As another possible implementation, as shown in fig. 1, a method for parallel real-time incremental statistics of database logs based on distributed deployment is used to improve performance of data synchronization and statistical computation of a sharded cluster service database, and includes the following steps:
step S1: a plurality of data event consumers and a plurality of ClickHouse nodes are deployed to form a ClickHouse fragment cluster, the number of the ClickHouse nodes is consistent with that of the business database fragment nodes, and one data event consumer is responsible for synchronizing the data of one corresponding business database fragment node into one ClickHouse node.
After a certain data event consumer is started, the step S1 in the stand-alone mode is executed, and since the data event read-write sequence of the distributed message queue cannot be guaranteed, the versioned collectingmergetree engine table can be created to replace the collectingmergetree engine table, so that the distributed message queue is used to improve the fault tolerance and the message read-write performance of the system. And taking the service database log update time stamp of the service database fragment node corresponding to the ClickHouse node as a version field of the VersionedCollapsingMergeTree engine table, and ensuring that the VersionedCollapsingMergeTree engine table can be merged according to the version field added by the main key when the service database logs are merged without being influenced by the sequence of the service database logs.
And after a data synchronization table corresponding to the ClickHouse node is created, synchronizing the full data of the service database table fragment node into a Collapsing MergeTree engine table or a VersionedCollapsing MergeTree engine table.
Step S2: and deploying a plurality of data event producers, wherein one data event producer is responsible for reading the database log of one business database fragmentation node.
When a data event producer is started, step S2 of the method in the stand-alone mode is performed. When the distributed message queue is used, the order of the service database logs is not influenced.
Step S3: each data event consumer is responsible for automatic increment synchronization operation of the data events of the corresponding business database fragment nodes, so that the data events of the business database fragment nodes are synchronized to the corresponding ClickHouse nodes.
The incremental sync operation is the same as step S3 of the method in the stand-alone mode for each data event consumer consuming a data event in the distributed message queue.
Step S4: and creating a local materialized view by using a data synchronization table of a service database synchronized by each node in the ClickHouse fragmentation cluster.

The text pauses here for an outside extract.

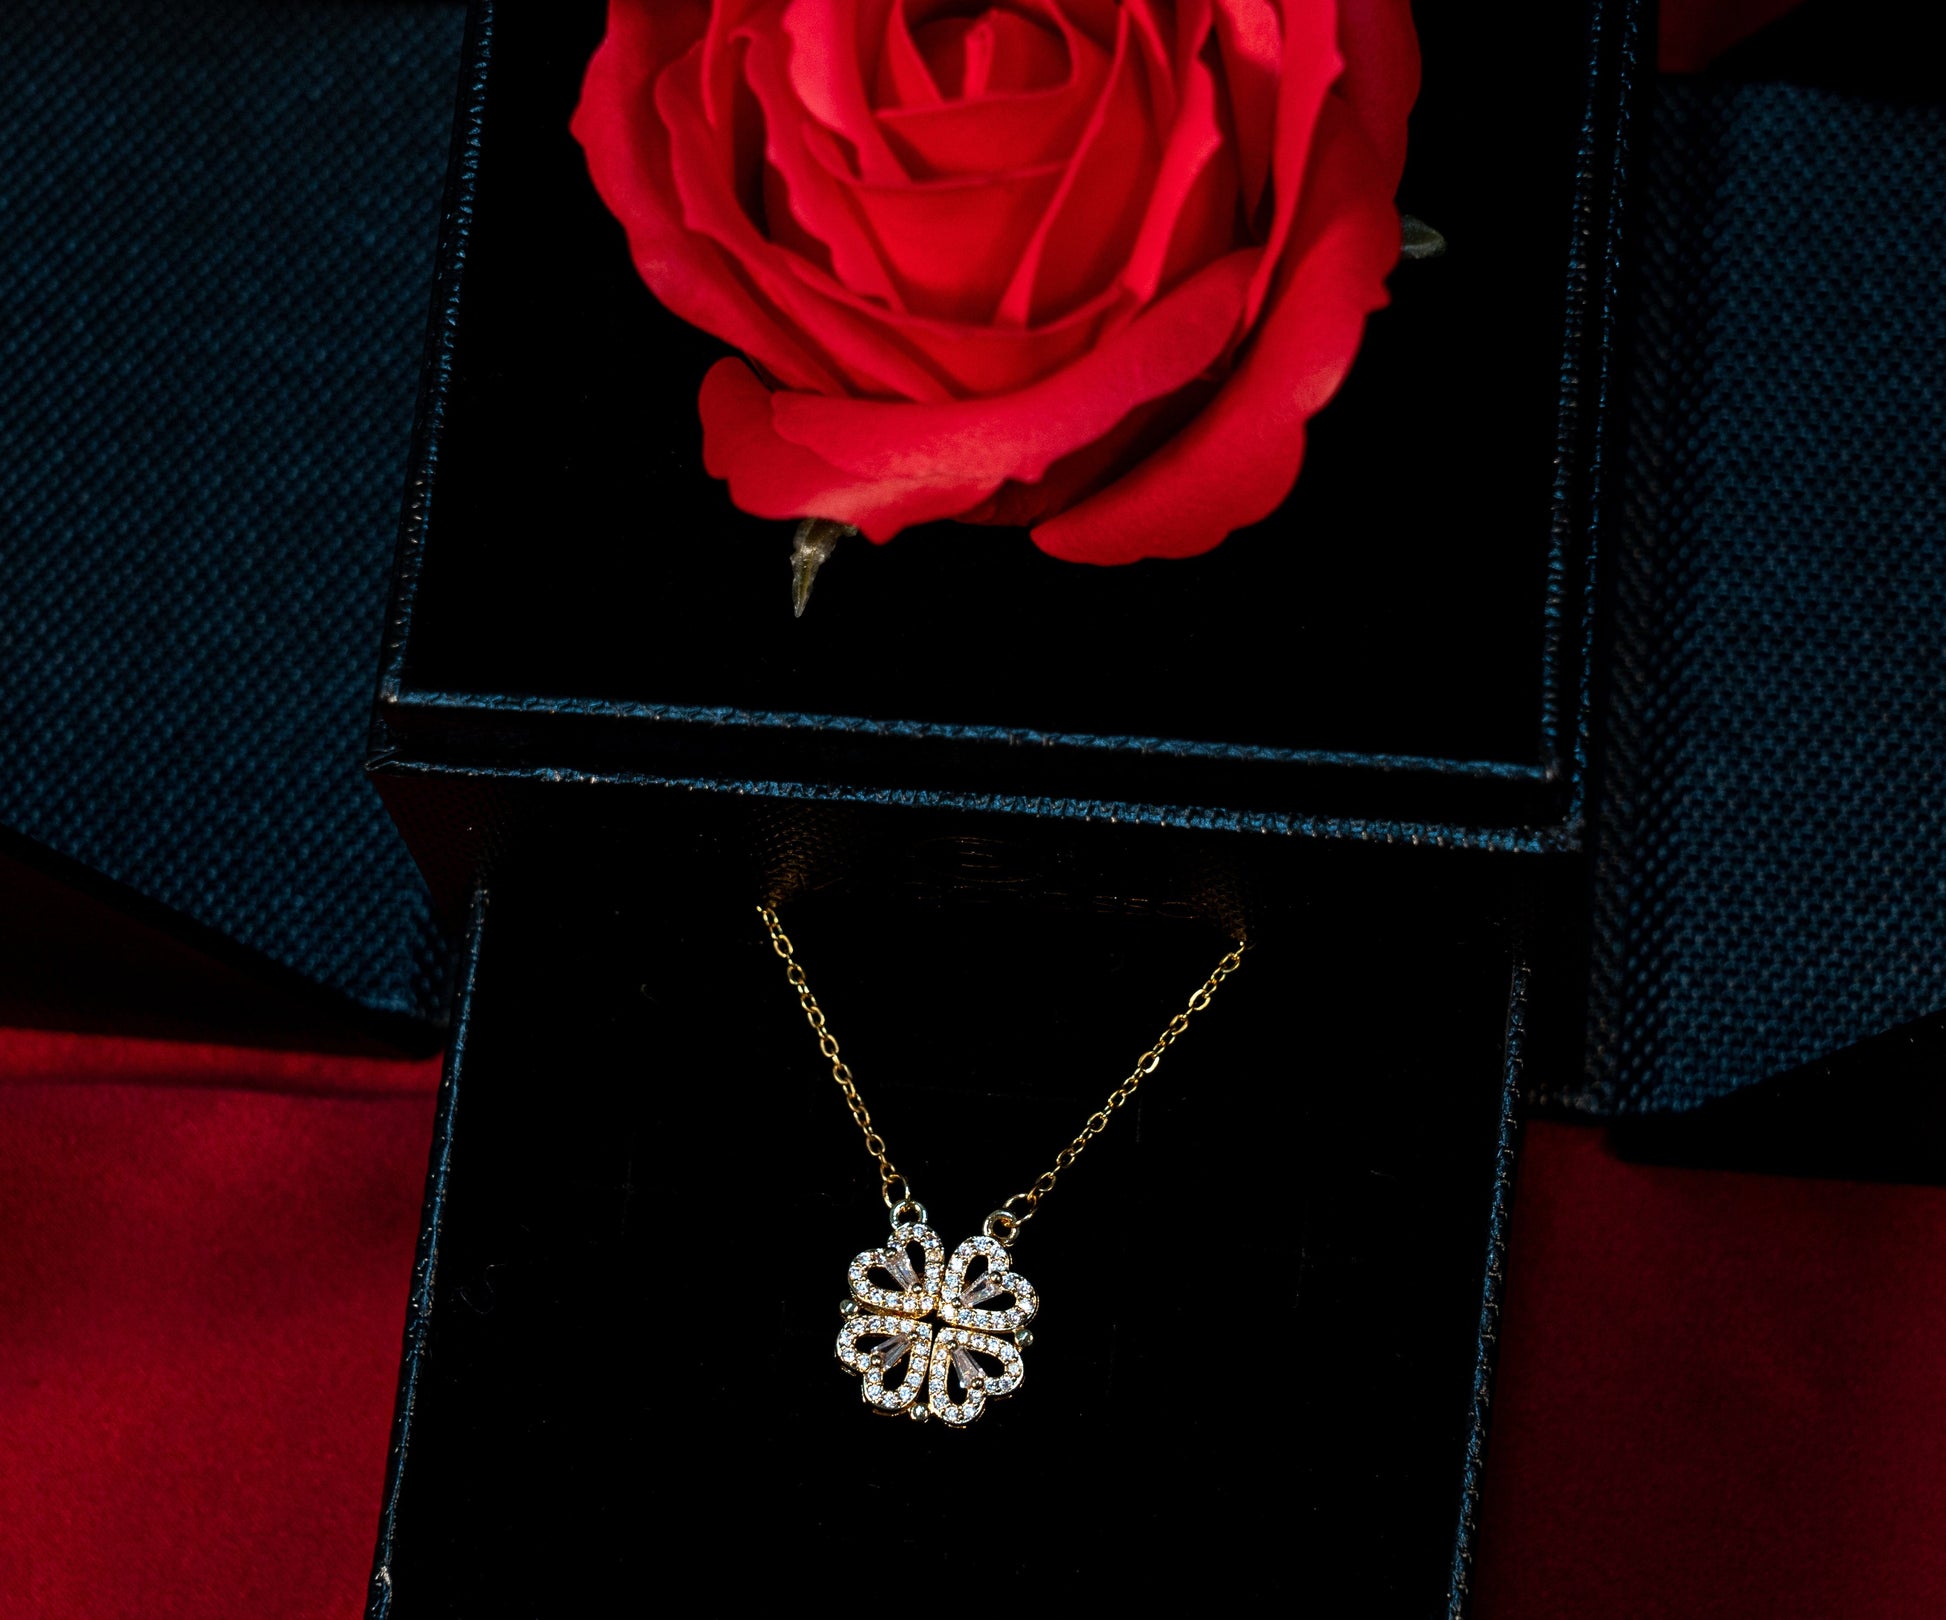 bianco rosso Rose Box Lucky Charm / Gold Valentine's Gift Box - Lucky Charm cyprus greece jewelry gift free shipping europe worldwide

When creating a local materialized view synchronized with each node, as in step S4 of the method in the aforementioned standalone mode, it can be understood that when creating a materialized view of an aggregatingmerge merge engine based on the collapsingmergee engine table, a corresponding materialized view of the aggregatingmerge engine may also be created based on the versioned collapsingmergee table.
Step S5: and creating a distributed table at each ClickHouse node, associating the distributed table with a local materialized view, and performing result query of statistical index data on the distributed table of any node in the ClickHouse fragment cluster by using SQL statements.
The local materialized view can be subjected to background automatic incremental aggregation and storage, the statistical data results of the local materialized view can be merged when the distributed table is queried, and the result query of the statistical index data can be performed on the distributed table of any node in the ClickHouse fragment cluster by using SQL statements, so that the real-time index high-concurrence sub-second-level query is realized.
As a preferred scheme, when a plurality of ClickHouse nodes are deployed, a ClickHouse shard copy set can be used, one ClickHouse shard node creates two or more ClickHouse shard copy sets, at this time, a collapsingmergere engine table needs to be replaced by a replied collapsingmergere engine table, or a Versioned collapsingmere engine table in the ClickHouse shard copy set needs to be replaced by a replied Versioned Collapsis Mergetre engine table, the copies of the same ClickHouse node shard node can automatically synchronize data by using the replied class engine table, and at this time, one ClickHouse shard node only needs to synchronize data to one copy. The partition data synchronous replication can be performed conveniently, and the condition that index data query is inconsistent may exist due to asynchronous execution of the partition data synchronous replication, so that a user can balance and select between partition fault tolerance and data consistency according to actual service requirements.
Example 2:
in this embodiment, a case description is made on the basis of the embodiment 1, as shown in embodiment 1, in this scheme, a service database log is used to perform real-time incremental synchronization of data to a clickwouse node, a redis is used to record a reading position of the service database log, and a message queue stores data events. The service database, the data real-time synchronization, the ClickHouse node, the redis and the message queue can all use distributed deployment to realize the parallel real-time incremental data synchronization and the parallel real-time incremental statistics.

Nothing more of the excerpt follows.